I'm always angry whenever I ask him this. Because his reaction's always the same.

He smiles. A feeling of happiness comes into him. He looks glassy-eyed and eager both, like one of those people in the airport who ask you for things.

He takes his sweet time answering. He wants to engage me. He tastes his question. I almost imagine that in a second a little forked tongue will flicker out from between his lips.

“You don't understand,” he'll say. “I bought it from Walter.” I'd cut Walter's hair about two or three times a year, and he'd trim mine.

“How much did Walter charge you for it?”

Jick shakes his head slowly, wall-eyed and grinning, as if disbelieving his luck, or that I don't understand the situation and the joy that red-hair-in-a-box brings him. “That's not the point,” he'll say, or “That's not the right question.”

Walter's long gone.

***

Jick putters around, fusses with stuff. He thinks, dreams, and schemes. Summer is his favorite time of year, because occasional lost tourists will wander through the valley, thinking there must be some back road up here that goes into Canada. But there's not.

Twelve dollars for camera film!

Some of Jick's putterings involve gathering elk dung—the pellets—and sticking four toothpicks into them, so that I suppose they look like some kind of cute little animal. I don't know what he thinks goes through tourists' minds. He's never sold one of those elk pellets that I know of, but still he gathers the dry elk shit in great quantities and spends a good bit of his time in the fall and winter sticking toothpicks into his herd of shit. He's got one whole shelf lined with them, near the checkout counter. His disdain for tourists, his disgust, is so obvious to the rest of us, and to them, too, I'm sure.
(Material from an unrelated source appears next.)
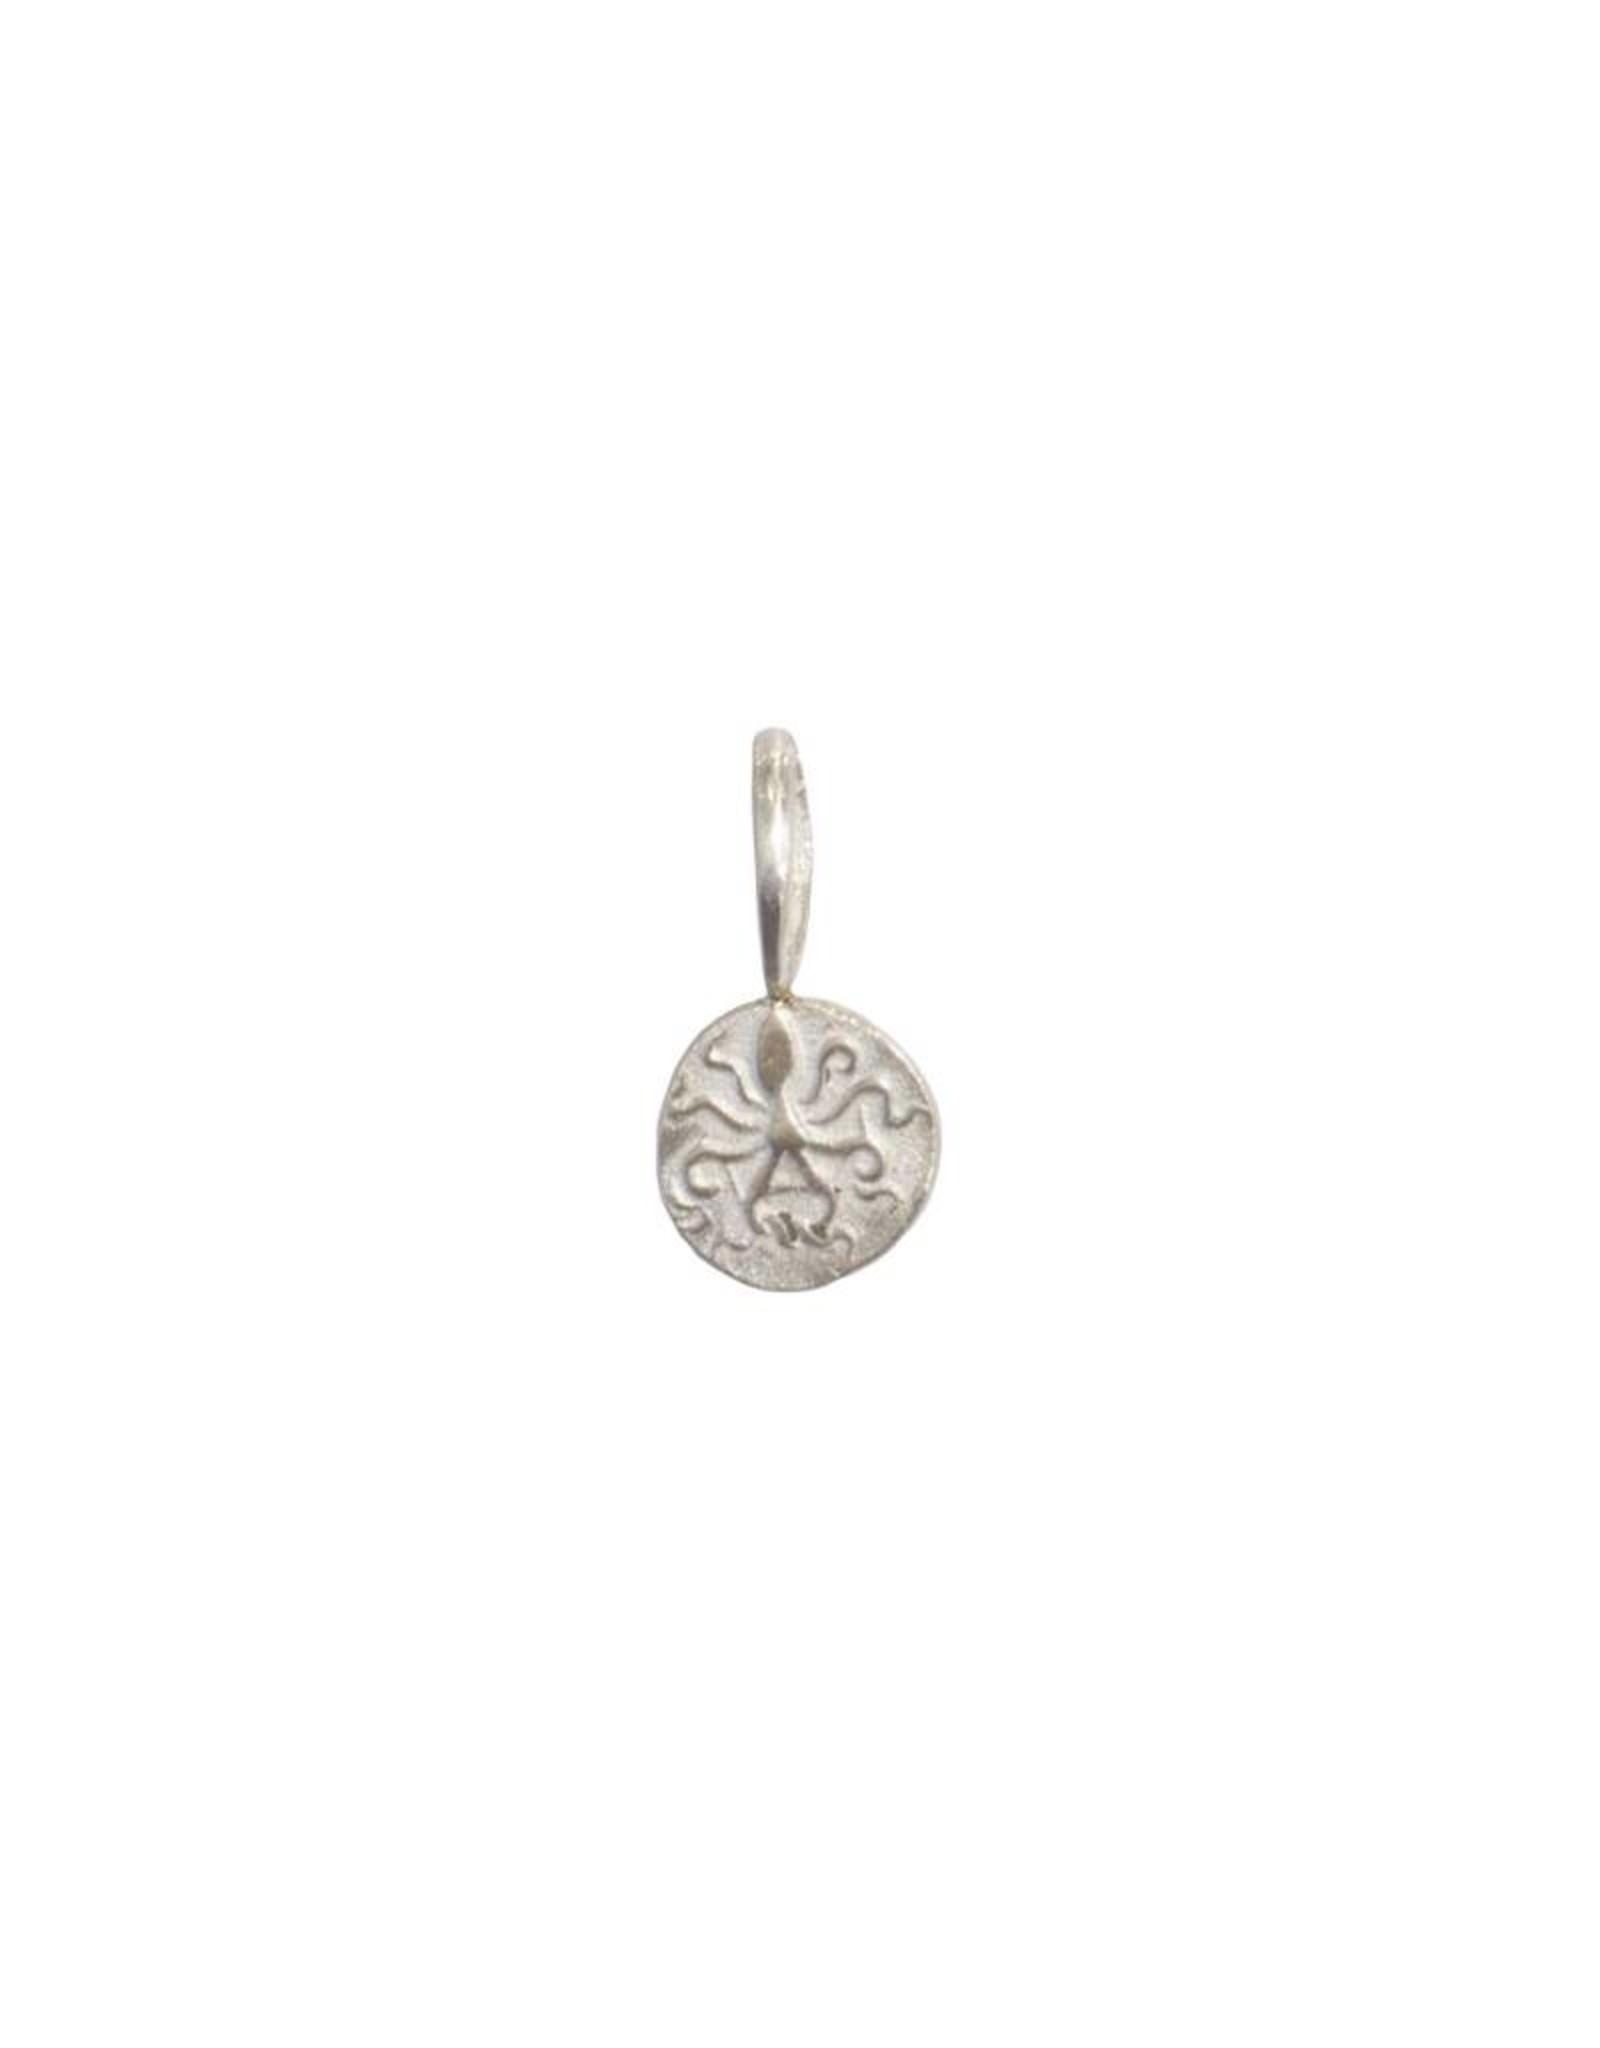 Robin Haley Jewelry Octopus (Balance)   Motherhood Artifact Necklace - Double-Sided

He thinks they're dumber than he is—the worst insult of all!

Jick wanders the dry streambeds in the fall, too, picking up smooth river stones, which he carries back to his store and paints with the slogan
I ♥ REAPER
. Reaper is the name of our valley. They used to grow hay along the little river. Summers are real short. But it's good sweet hay. Four dollars a bale.
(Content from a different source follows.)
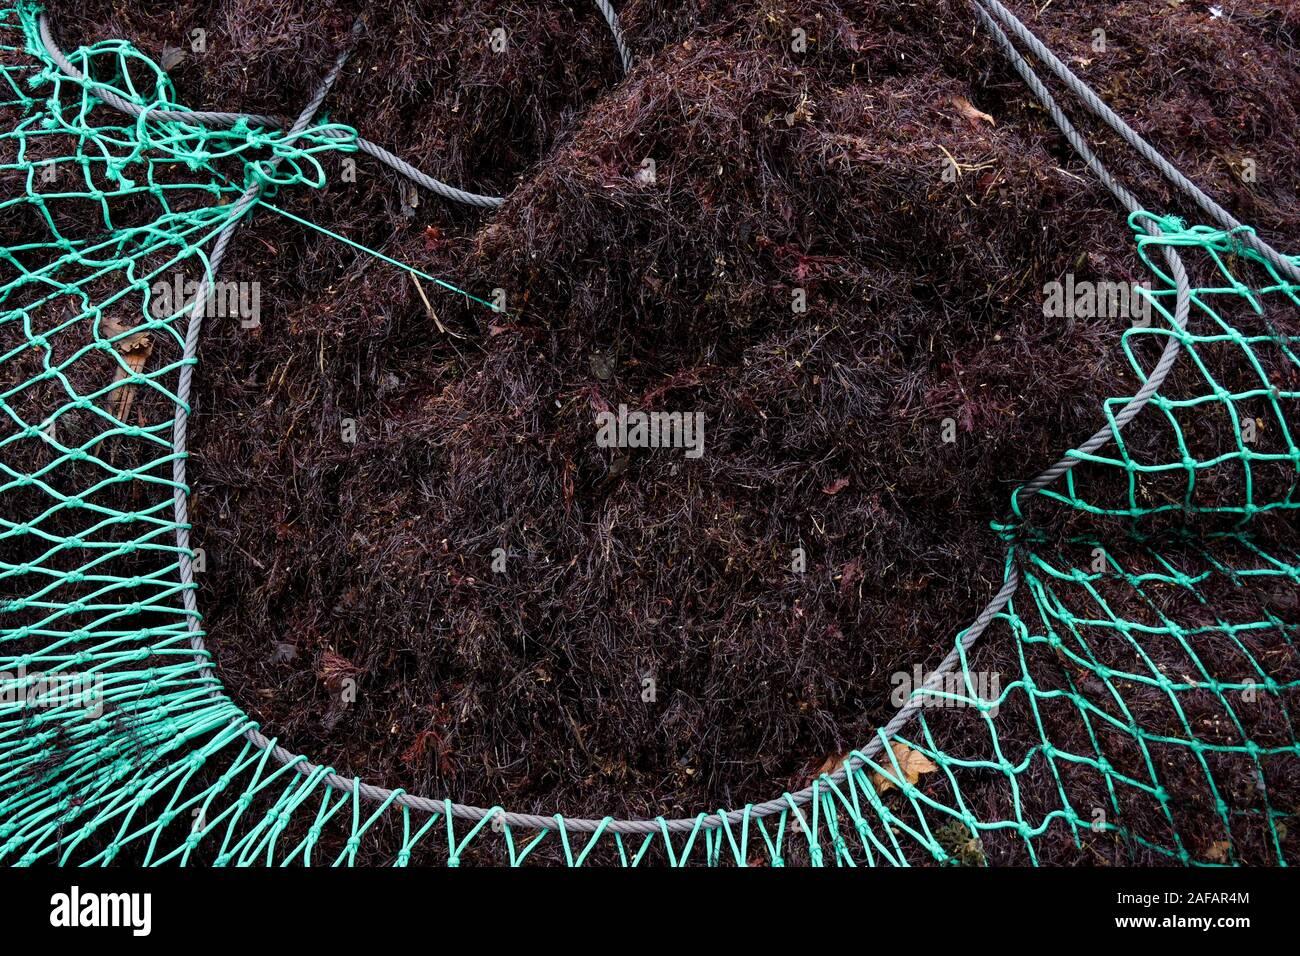 Fishing nets full of red algae, Saint-Jean de Luz, Pyrénées-Atlantiques, France Stock Photo

Some of the river rocks that Jick finds are layered silicates, algae-encrusted quartzes, agates, and opals, and whenever Jick finds one of those, he brings it home and tosses it into the big tumbling rock polisher that he keeps running in his store, twenty-four hours a day. The damn thing just runs and runs, makes a low growling sound, wearing those sleek stones down to their bare, irreducible rock core. Jick is forever pouring polishing grit—his own concoction of river and ground-up glass and motor oil—into his tumbler, and when he has each of the rocks polished, he sells it, like everything else. It seems unholy, selling part of the river itself, to passers-through. And I hate the sound, the twenty-four-hour sound, that's always growling away in his store, the stones always being worn down. You hear the stones' grinding sound whenever you walk in, and it is like the one I imagine he must hear all the time in his terrible brain.